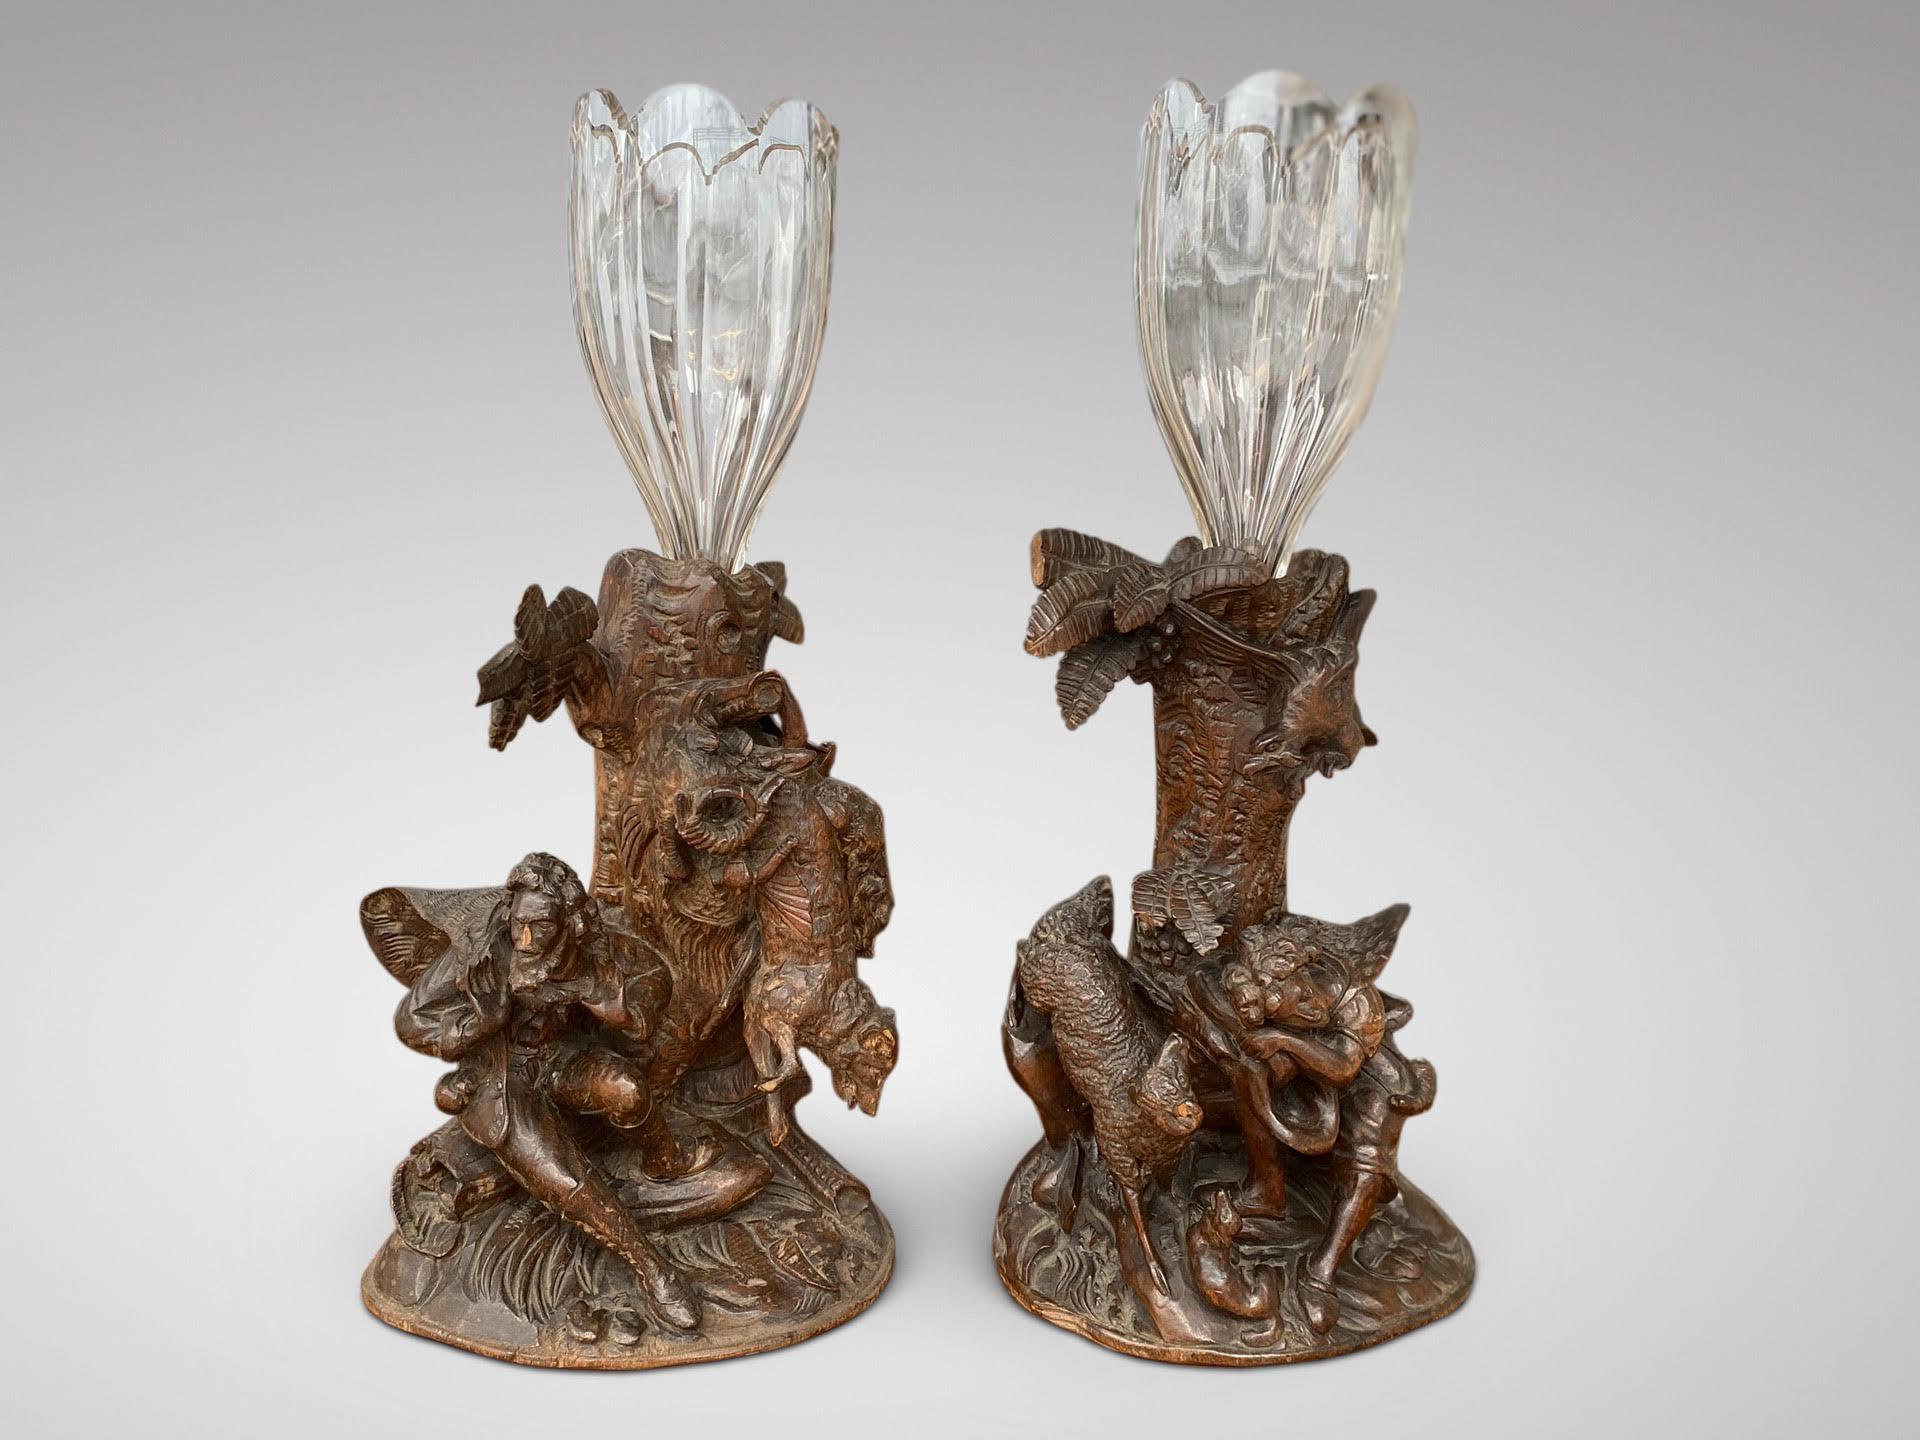 Une belle paire de vases à fleurs en bois sculpté du 19ème siècle, avec une scène de chasse en forêt noire et des formes en verre. En parfait état d'origine. 

Les dimensions sont les suivantes :
Hauteur : 42,5cm (16,7in)
Largeur : 20cm
::::::::::
• **Work to be completed**: Only the text of the listing above should be copied, exactly and with pictures left out.

• **Answer section**:
 Une belle paire de vases à fleurs en bois sculpté du 19ème siècle, avec une scène de chasse en forêt noire et des formes en verre. En parfait état d'origine. 

Les dimensions sont les suivantes :
Hauteur : 42,5cm (16,7in)
Largeur : 20cm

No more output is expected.